Sant’Ambrogio dirà: «Chi potrà negare che sia venuto dal cielo questo genere di vita [la verginità], se sulla terra era pressoché sconosciuto prima che Dio vi discendesse per assumere la natura umana?

Ma no, Sant'Ambroeus, non ce la stia a raccontare poco giusta anche lei: la verginità prima del Cristianesimo era conosciuta, eccome, basta vedere Atena, di cui vi ho pubblicato un'immagine in copertina; la dea vergine per eccellenza, tutta intelletto e zero sensualità. 

Ma la sensualità, a questo punto, l'hanno persa di vista tutti. Siamo arrivati all'esaltazione totale, alla solita ebbrezza di essere come Dio.

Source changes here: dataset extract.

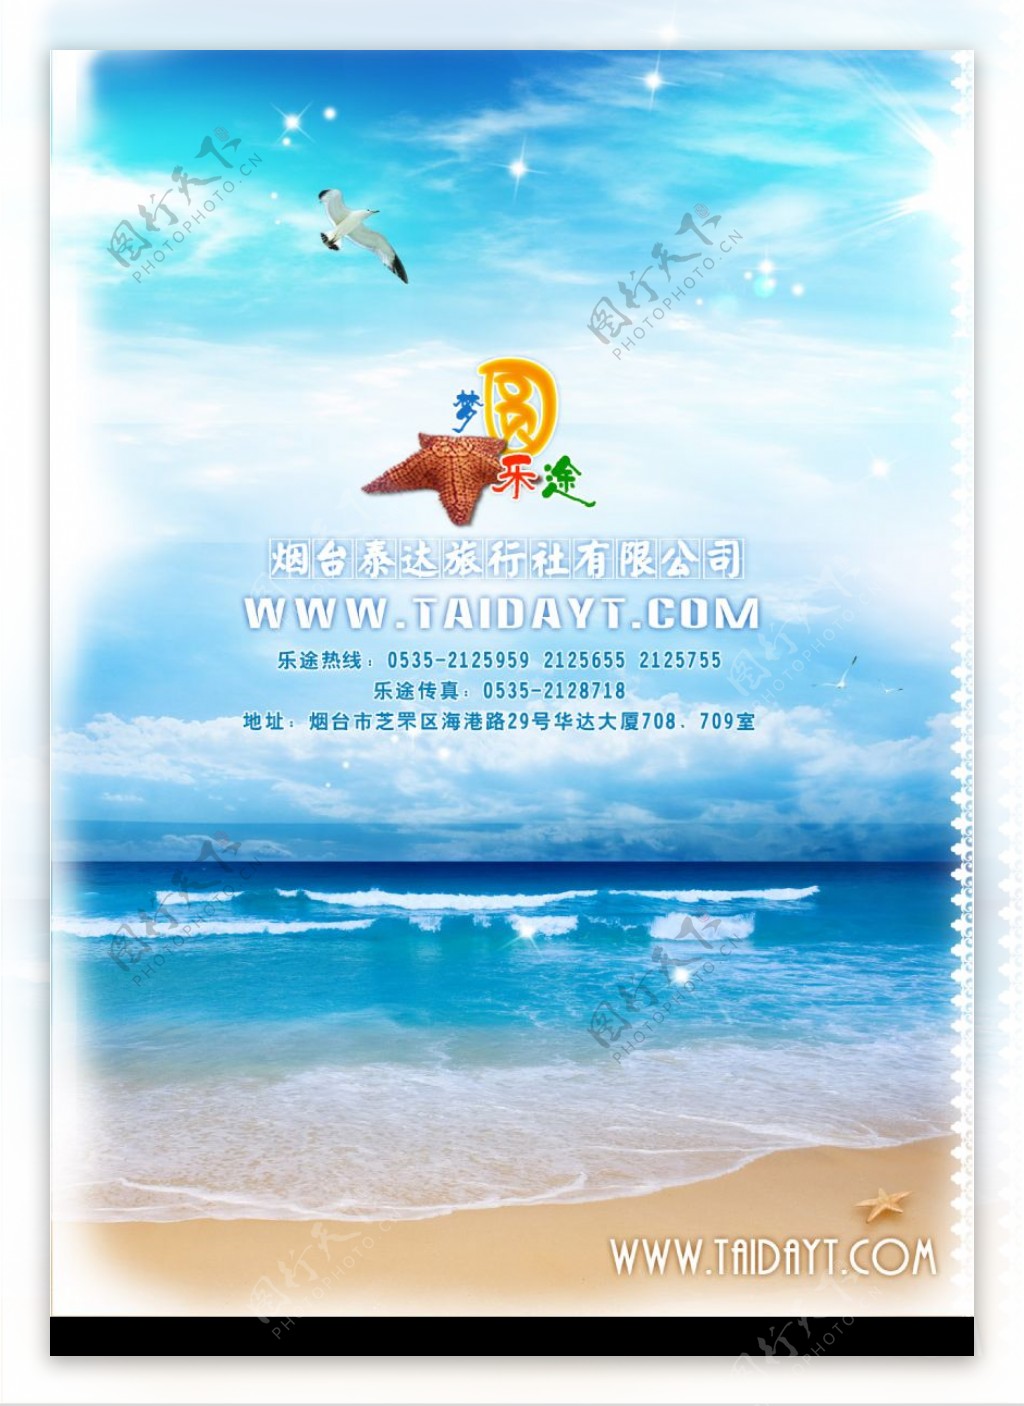 旅行社宣传页背面大海蓝天海星图片

Risalendo alle origini, Gregorio[di Nissa n.d.R.] ripensa allo stato primitivo dell’essere umano creato a immagine e somiglianza di Dio, un tu, integro, in dialogo col suo Creatore. Dopo che il peccato ha diviso l’uomo, in che cosa può consistere la vita spirituale se non nel cercare di restaurare se stessi in quello stato? Non c’è altra strada che quella di «imitare la natura divina» ridiventando vergini, integri. È vero che la distanza tra la vita divina e la condizione umana è abissale, però la verginità rende l’uomo simile a Dio e gli permette non solo di vederlo, ma di diventare uno con lui: «Dio ha impresso nel vostro essere delle qualità simili alla sua propria natura (...), ma l’impronta divina è stata deturpata dal male che ha reso inutilizzabili per voi quelle qualità (...). Ma se con lo zelo della vostra condotta cancellate il sudiciume che ricopre il vostro cuore, in voi tornerà a splendere la bellezza creata a immagine di Dio. La divinità è purezza, libertà da tutte le passioni, assenza di ogni male. Se voi possedete queste qualità, Dio è in voi, realmente»
Anzi, la verginità è in qualche modo la deificazione dell’uomo: «Non si può fare miglior elogio della verginità se non mostrando che essa deifica, per così dire, coloro che partecipano ai suoi puri misteri, al punto di farli comunicare alla gloria di Dio, il solo veramente santo e immacolato, ammettendoli nella propria familiarità grazie alla purezza e alla incorruttibilità».

Ve lo abbiamo già raccontato: la Pizia di Delfi era vergine, e questo le permetteva di avere le visioni.